The cells of the adaptive immune system consist of two forms of highly mobile lymphocytes, derived from haematopoietic stem cells in the bone marrow (Fig. 1). T lymphocytes mature in the thymus and are the effector cells of the adaptive immune response. B lymphocytes mature in the bone marrow and produce antibodies.15 Following maturation, lymphocytes migrate to secondary lymphoid organs, such as the lymph nodes and spleen. For effective activation of the adaptive immune response, naive T cells must be activated by antigen‐presenting cells (APCs). Infection of a tissue leads to the stimulation of pattern recognition receptors (PRRs), resulting in the generation of cytokines, which results in maturation of APCs including dendritic cells (DCs). Mature DCs then migrate to the secondary lymphoid organs where they can interact with naive T cells.17 Following successful interaction, the naive T cells rapidly proliferate and differentiate into effector CD4+ T lymphocytes (Fig. 1). These cells produce multiple cytokines that activate immune cells such as macrophages and CD8+ T cells to destroy the infection. They also prime B cells to generate antibodies to target pathogens for destruction.17 After effective pathogen clearance, some B and T cells undergo differentiation into memory cells, which persist for a long period of time in lymph nodes and peripheral circulation, to confer protection against future reinfection, rapidly differentiating into effector cells to provide a more efficient and tailored response.18

Figure 1.

Figure 1

Cells of the adaptive immune system. Cells of the adaptive immune system are derived from haematopoietic stem cells in the bone marrow. B cells mature in the bone marrow, whereas T cells mature in the thymus. T cells can be classified as CD8+ (cytotoxic) or CD4+ (helper). CD4+ T cells can be further classified into subsets [including T helper type 1 (Th1), Th2, Th17 and regulatory T (Treg) cells] according to protein expression and function. After an encounter with an antigen, T cells may transform into long‐lived memory T cells. B cells and CD4+ T cells have been shown to possess intrinsic clockwork machinery.

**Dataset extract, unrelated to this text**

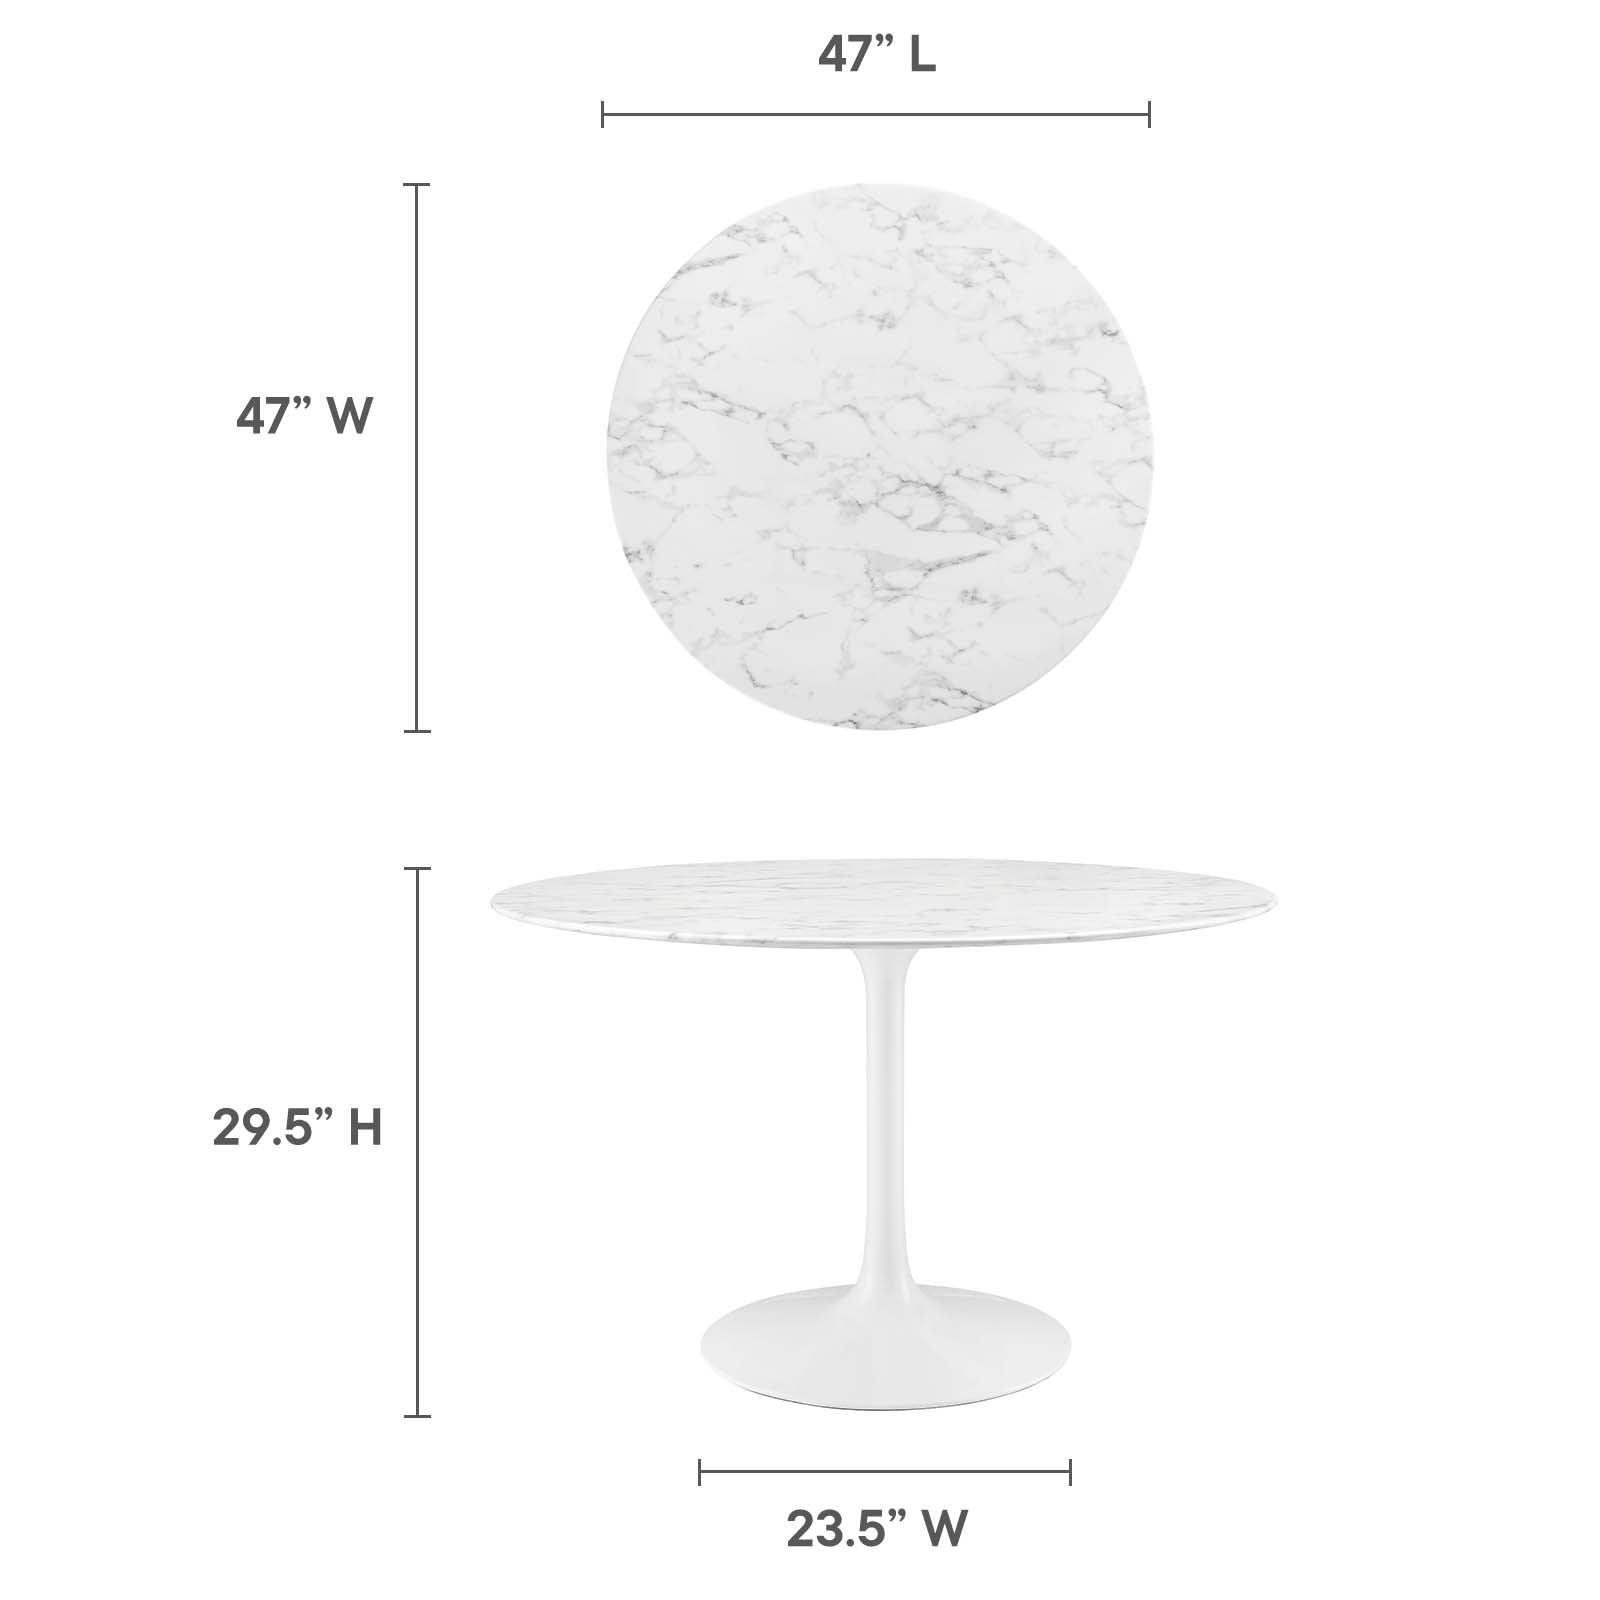 Modway Lippa 48" Round Artificial Marble Dining Table FredCo

Circadian rhythms in the adaptive immune response

We know that clock genes exist within T and B cells,19, 20 but very few studies have been carried out to fully characterize their influence on immune function. Clock genes are rhythmically expressed in mouse lymph nodes,21, 22 and this rhythmicity is lost in circadian mutant mice.21 Circadian clock proteins have been shown to be important in the differentiation of T cells. Knockout of rar‐related orphan receptor (ROR)α or RORγ impairs T helper type 17 (Th17) cell development. Double knockout results in ablation of Th17 development.23, 24 CD4+ T cells purified from human blood over the course of the circadian day have been shown to display rhythmicity in clock gene expression.20 Rhythmic clock gene expression can be maintained in CD4+ T cells cultured in vitro, and CD4+ T cells isolated from PER2::luciferase mouse spleen and thymus display rhythmicity in bioluminescence.20 Finally, B cells isolated from the spleens of mice housed under a 12:12 light:dark cycle or under constant darkness show rhythmicity in clock gene expression.19 Although work has been carried out on CD4+ T cells and B cells, it is unknown whether CD8+ T cells express independently rhythmic clock components, nor whether individual subsets of T and B lymphocytes exhibit variation in the robustness of their rhythms.

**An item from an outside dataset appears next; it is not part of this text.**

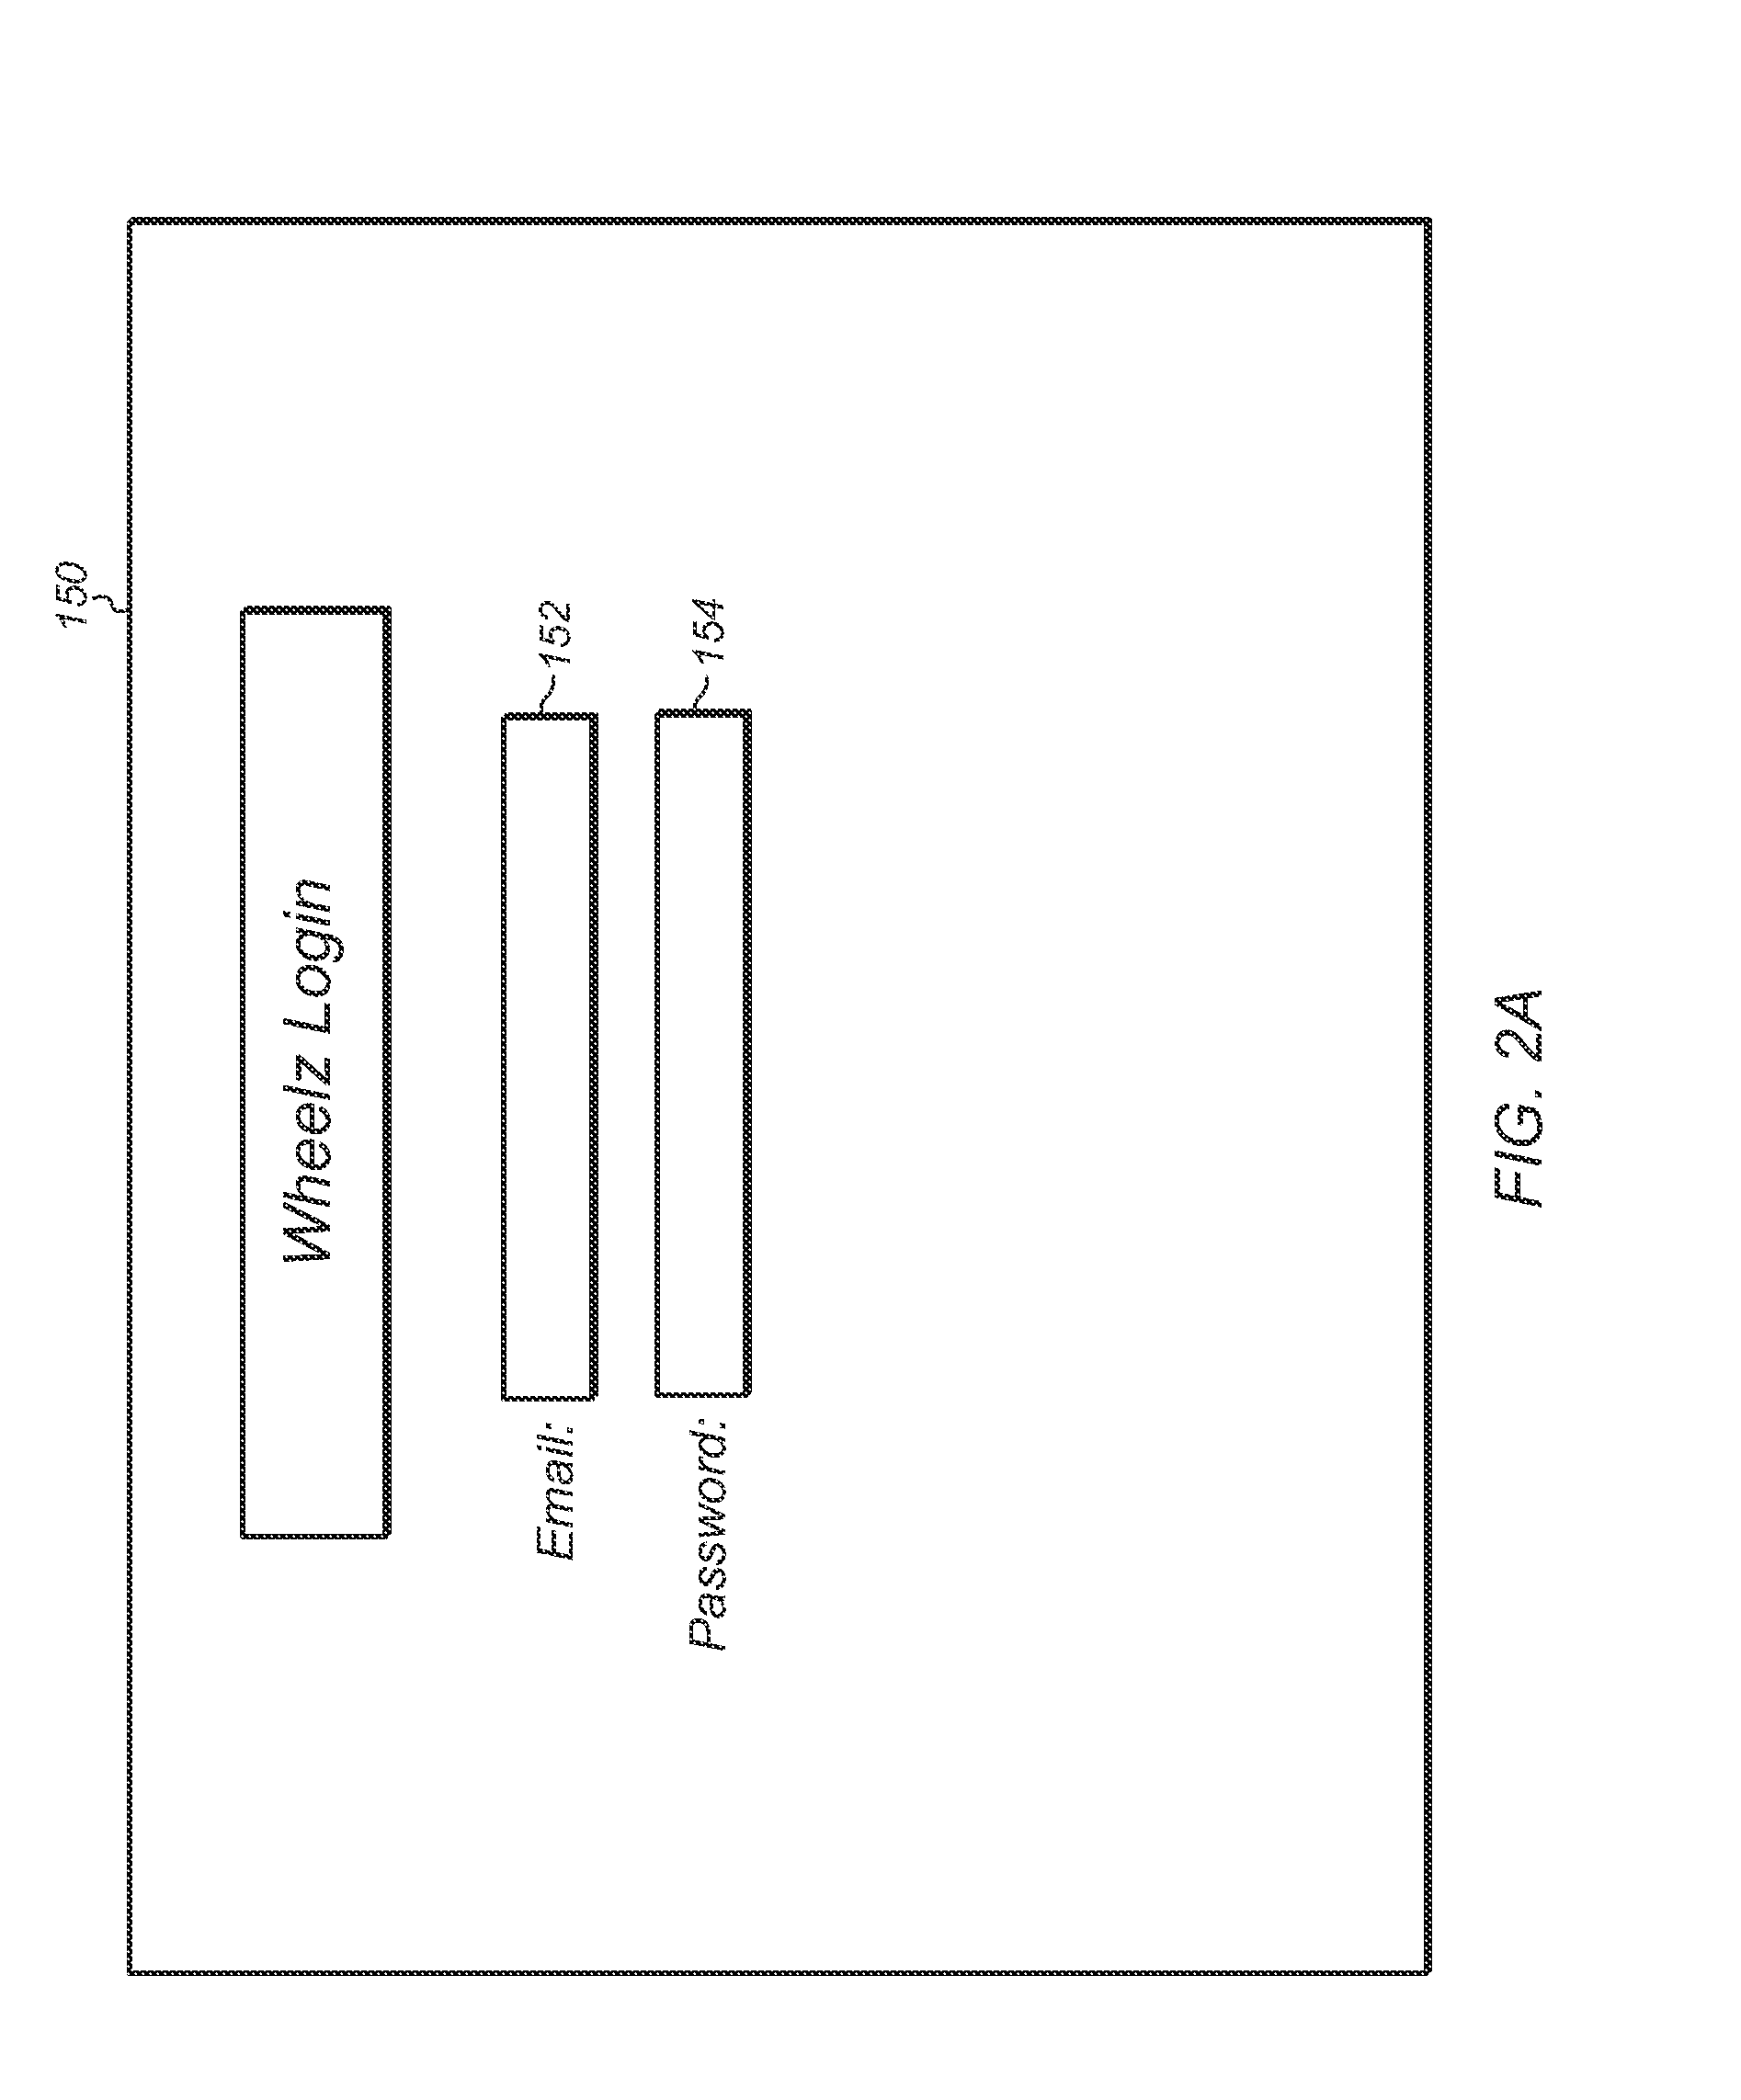 Shared vehicle rental system including vehicle availability determination

It has previously been shown that many leucocytes display variation in number and localization across the circadian day in both mouse and human. In humans, B and T cells are found to be increased in the circulation at night, dropping in level throughout the day as they undergo extravasation.25, 26, 27, 28 The decrease in T cells during the morning has been linked to the rise in cortisol typically experienced at this time. It also coincides with increased chemokine (C‐X‐C motif) receptor 4 (CXCR4) expression within the T cells.26, 28 CXCR4 is a receptor that binds the chemokine (C‐X‐C motif) ligand 12 (CXCL12). Blocking cortisol decreases T cell expression of CXCR4, inhibiting extravasation of T cells from the blood vessels and preventing the morning decline in circulating T cell numbers.26 The clock and CXCR4‐mediated migration have also been studied in the context of humanized mouse models, in which immune‐compromised mice are transplanted with immune cells of human origin (CD45+ leucocytes, including the subsets CD3+ T cells and CD19+ B cells).29 The circulation of mouse and human immune cells displayed opposite rhythms in these mice, with mouse CD45+ cells peaking at ZT7 and human CD45+ cells peaking at ZT19, indicating a prominent role of a cell intrinsic molecular clock to allow these cells to differentially regulate their circadian rhythms in the same in vivo environment.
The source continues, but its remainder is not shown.